Shanghai Blues

Have you ever watched a film that felt so good that you didn’t want it to end? That’s how I reacted to this film and so I intentionally forced myself to spread it out over three days. Shanghai Blues is one of those mysterious HK films that you hear rumors about how good it is – but few people seem to have actually seen it. For some odd reason it is very difficult to get your hands on a quality transfer with sub-titles. I finally was able to do so and I’d say the rumors don’t even begin to do this film justice.
This 1984 Tsui Hark film is just one of the most joyful, spirited and touching films I have seen in a very long time. It felt like I had injected myself with some long lasting mood enhancing drug. It has the atmosphere and cinematic style of a jaunty old-fashioned Technicolor MGM musical. There is no dancing nor do people break into song at the drop of a musical cue, but music saturates this film giving it warmth, texture, humor and a lot of soul. The colors of the film are vibrant and sumptuous, the set designs are cotton candy unreal – such as a large yellow moon hanging in the night sky - and the people all have that shiny classic 1940’s Hollywood glow to them.
The three main actors all do a terrific job and the characters they create are memorable and enchanting. Sally Yeh gives one of the funniest, quirkiest performances that one could imagine and is so lovable that you want to reach through the TV screen and give her a hug. Sylvia Chang is wistful, winsome and bewitching and has a few perfect scenes and some stunning close-ups. Kenny Bee is quite handsome, droll and the perfect straight man for these two women to play off of.
This film was not at all what I was expecting - I thought it was going to be this searing dramatic love story – but instead it is a celebration of film and of the human spirit. Most of all though it is simply hilarious much of the time. Tsui throws numerous old comedic devices into the pot but somehow makes them feel fresh. From the room full of hiding people scenario, to mice going down dresses, to pratfalls, to silly faces, to people bedding the wrong person in the dark and many more (look for Tsui’s cameo as a passerby who Sally dumps a bucket of water on) are included. Besides the frantic humor, there are other scenes that are poignant and sentimental – Sylvia looking at a violin and being reminded of the man she loves or a mad chase for a departing train – while there are other scenes that will simply make you sit back and sigh at the wonder of film.
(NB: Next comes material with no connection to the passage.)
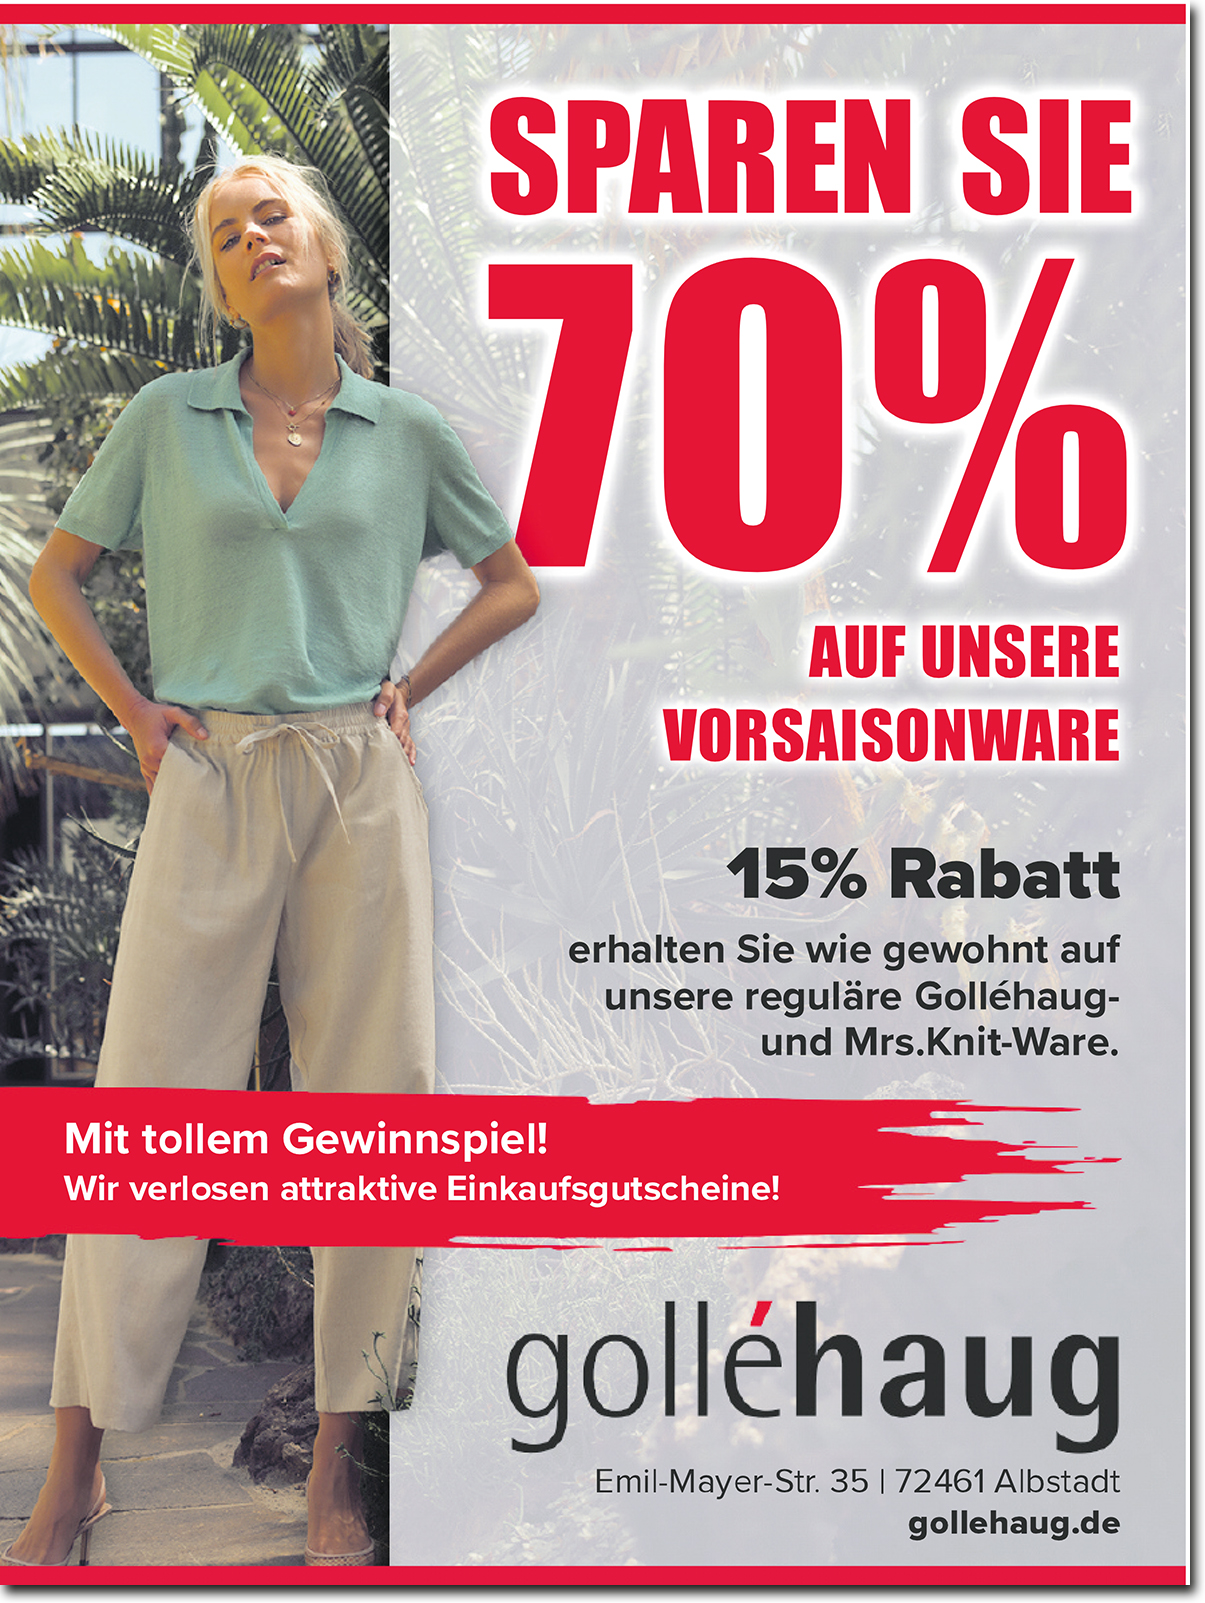 golléhaug GmbH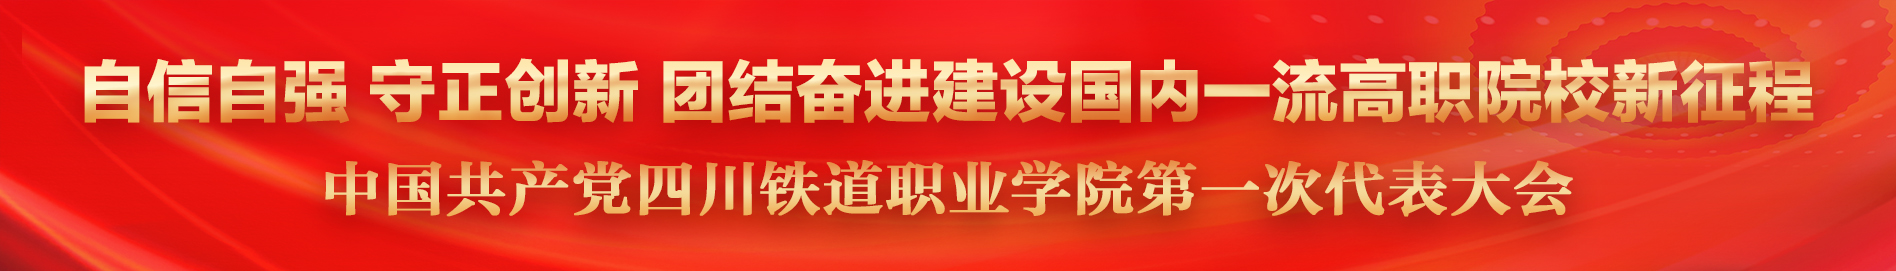 中国共产党必发集团全部平台首页第一次代表大会

One such scene has Kenny Bee coming out on his balcony to play a song (Shanghai Blues) on his violin. It begins as a lone instrument - but then a phantom orchestra joins in – and a beautiful melody floats out into the night air. In the apartment below Sally wakes up and goes out on her balcony to listen and a yellow crescent moon lies out in the distance waiting to be lassoed. The night breeze blows gently through her hair and she takes on a look of such pure contentment that it will make your heart ache. The camera then wanders out into the night and pans over some of the denizens of the evening – homeless ex-soldiers living beneath the bridge, a drunken sailor stumbling to the ground, a lady of the night glancing his way. Finally Tsui ends it with a comedic punctuation mark as Sally suddenly sees a mouse (who had a prominent part in an earlier funny scene) – and shrieks bringing the reverie to an abrupt end. It is so simple, so sentimental and yet so evocative. It is two minutes of pure cinematic magic – and I must have re-watched this scene half a dozen times before I could go on.
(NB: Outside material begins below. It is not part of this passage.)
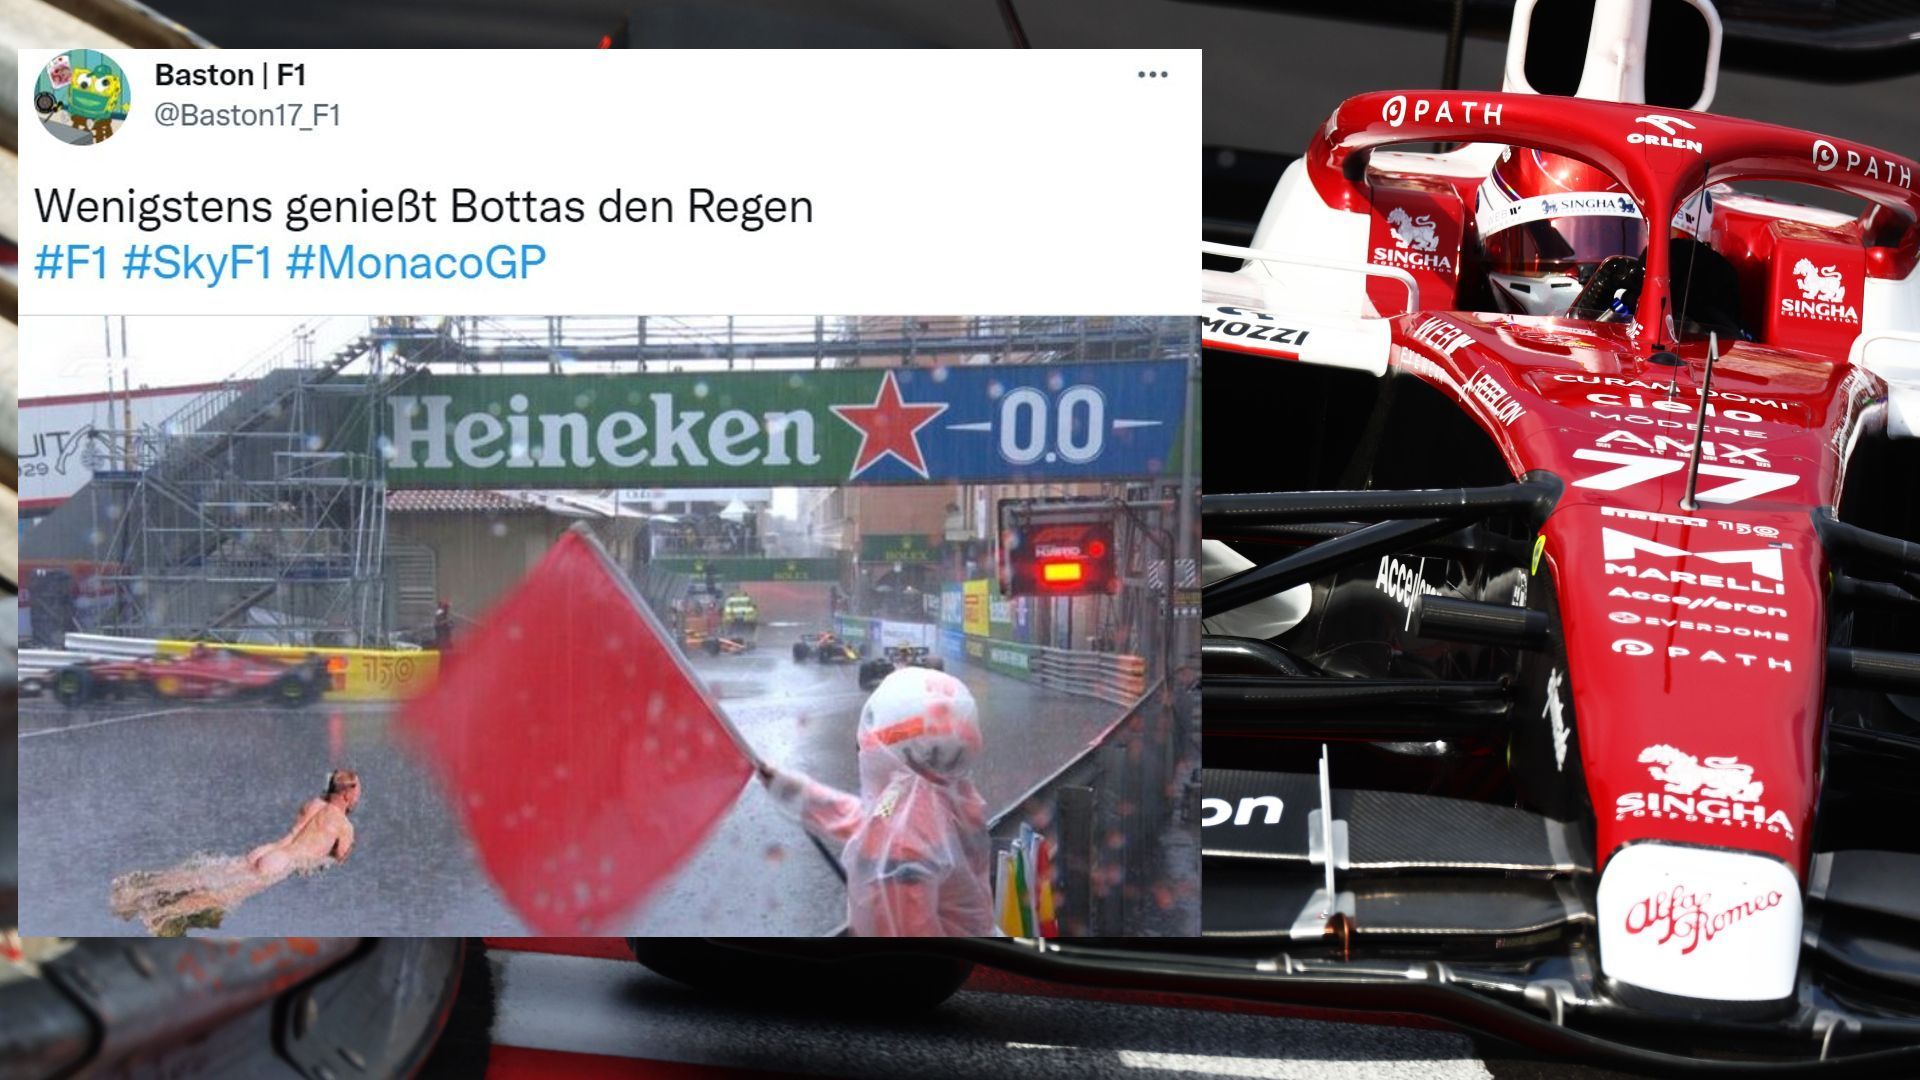 
                <strong>So reagiert das Netz auf den Monaco-GP</strong><br>
                "Baston17_F1" geht darauf ein, dass Valtteri Bottas ja neulich in den Rocky Mountains im eiskalten Wasser schwimmen war.

Its 1937 in Shanghai and the Japanese have invaded China. One night during an air raid two strangers, Kenny and Sylvia, find refuge beneath a bridge – and with the bombs bursting overhead they fall in love in that moment in time. They promise to meet again when the war is over, but it is so dark that they can't see one another and before they can exchange names Sylvia is swept away in a panicked mass of humanity. Kenny goes off to fight and ten years pass but he finally comes back looking for Sylvia underneath the bridge. She is now a torch singer in a nightclub, but she has never forgotten that man and that moment and dreams of him returning for her.
Kenny moves upstairs (this type of film thrives on coincidences!), but they don't realize that the person they both dream of is only a floor away. Sally is a penniless refugee in Shanghai who lands up in Sylvia’s apartment and begins to fall in love with the man upstairs. From this description, this film may sound like a romantic tearjerker – but instead Tsui takes us on a wild, crazy and scatterbrained comedic ride.
Tsui’s main comedic instrument is Sally Yeh. She nearly steals the film with her wide-eyed out of control, bouncing ball character that simply is a joy to watch in action. Her performance is sublime screwball nuttiness. On top of this, the film offers a few charming musical performances in a nightclub. One has Sylvia accidentally knocked into a bath tub full of sudsy water which then ends up on stage where she adroitly breaks into song with her assistant, a very young and adorable Loletta Lee, rushing around her in panic. It is absolutely classic.
This is simply a wonderful film - Tsui Hark is at his most playful, humane and generous and he creates a gorgeous truffle of a film that should be considered a great classic in my opinion.